The interactive hub has plenty of information for children, coaches and parents, making critical resources available to many who may have not been exposed to basketball or just crave more content.
This year’s partnership with Girls Leadership, a leadership development nonprofit organization that teaches girls to exercise the power of their voice, will provide over 20,000 girls access to basketball clinics, life skills sessions and online learning. Krichavsky points out that the WNBA Finals will provide a platform for Her Time To Play to gain notoriety.
“We’re going to culminate it in conjunction with the WNBA Finals with two events, each focused on the markets where the WNBA finalists are from, working with girls and coaches in their community, as well as players and coaches from the WNBA team.”
The Jr. NBA has identified schools as a place where providing more resources can go a long way. This year the Jr. NBA plans to offer enhanced programming to over 3000 schools across the country. The importance of mental health is highlighted through the Jr. NBA Next Level Mentality program, a digital content series where kids can learn more about the
mind-body connection from professional mental performance coaches and players from the NBA and WNBA. Children can connect with their heroes and learn all about the mental aspect of basketball and how it relates to living a healthy life.
This year’s Jr. NBA Week will offer kids the opportunity to get out and play with many hybrid experiences. All 30 NBA teams will host a series of virtual or in-person youth basketball events and programs for players, parents, coaches and referees in their communities in accordance with local public health guidelines.
Laureus Sport for Good has also partnered with the Jr. NBA to host an outdoor basketball clinic at Brooklyn Bridge Park in New York for youth from three local community organizations: PeacePlayers, Riverside Hawks and Kids in the Game. The clinic will feature on-court skill development and life skills sessions that will allow participants to reflect on their youth basketball experience and ways to make the game more accessible.

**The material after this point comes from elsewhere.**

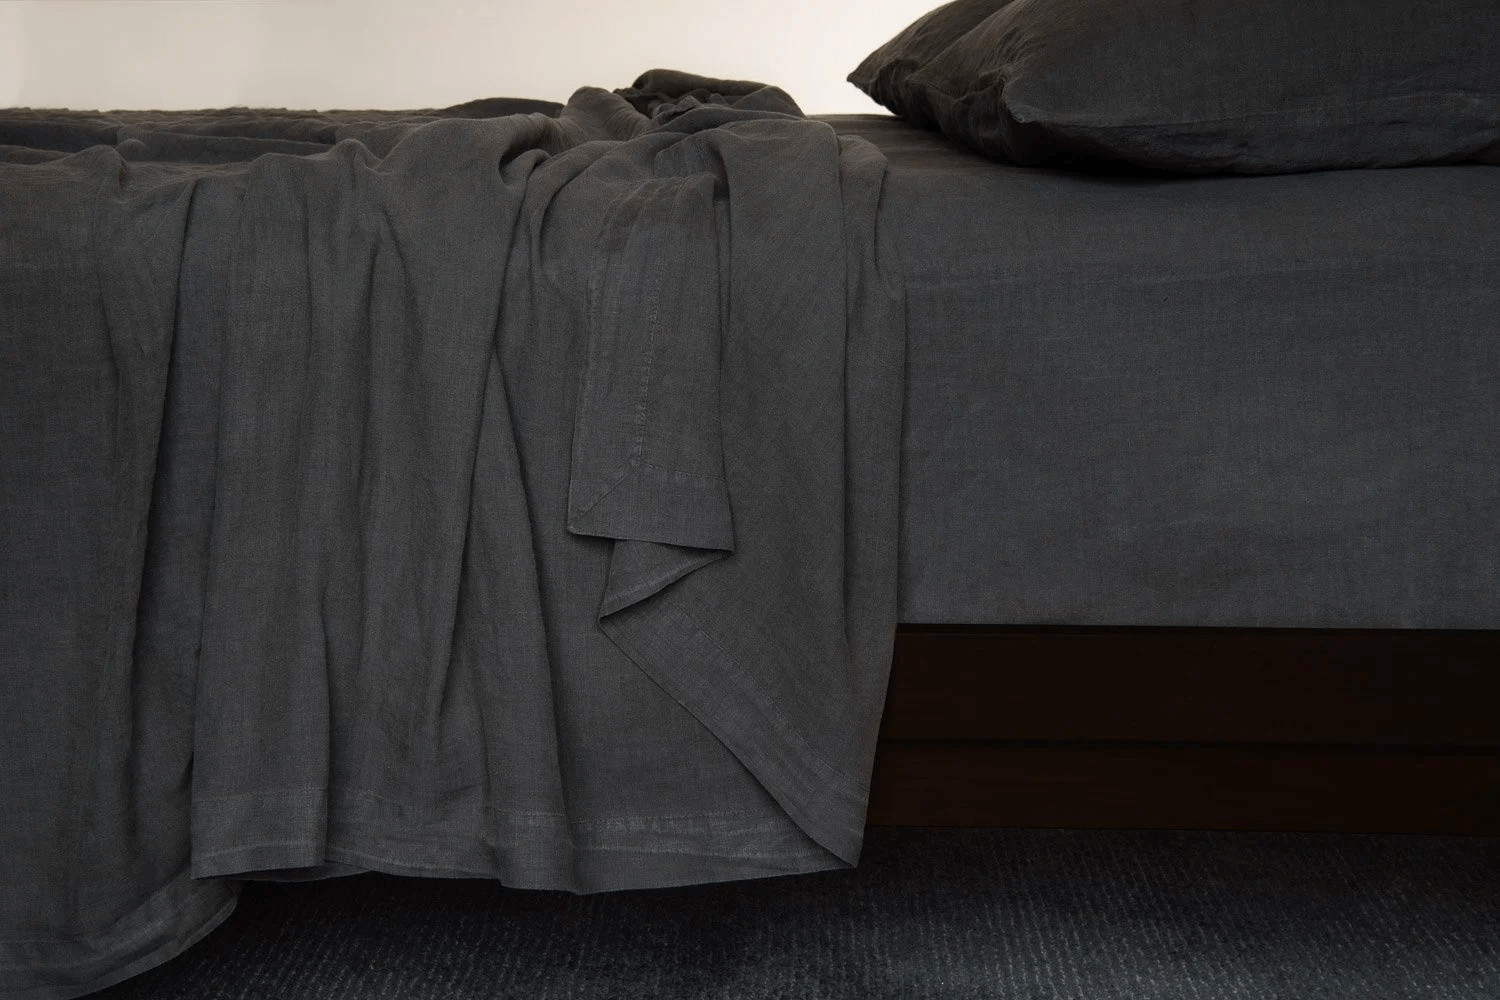 Belgian linen sheets in Charcoal
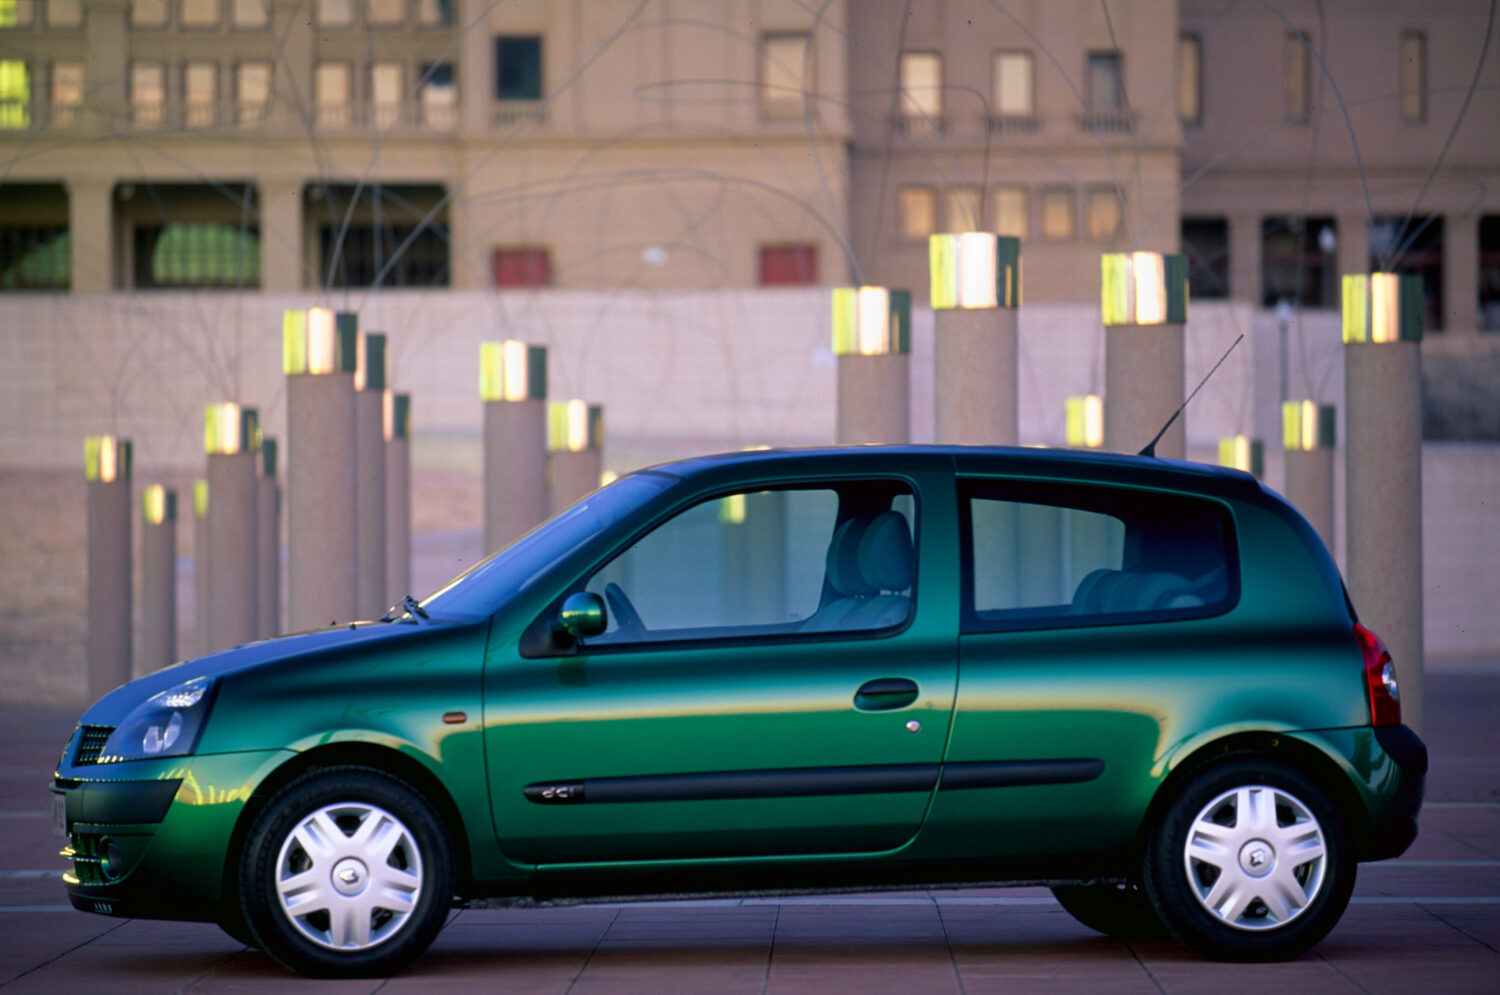 2020 - 30 ans de Renault CLIO - Renault CLIO 2 (1998-2005)

One of the biggest events affected by the pandemic has been the Jr. NBA Global Championship, which has been canceled the past two years but is set to return in 2022. The youth basketball tournament is for the top 13- and 14-year-old boys and girls from around the world. 16 regional champions (eight U.S. teams and eight international teams) compete in on-court competition and participate in life skills programming at the ESPN Wide World of Sports Complex at Walt Disney World Resort near Orlando.
The goal will always be to get kids away from screens and onto the court and getting active, but video games, social media and other forms of technology will continue to be part of kids’ lives. The Jr. NBA is continuing to find ways to make learning fun and give today’s youth access to their favorite stars.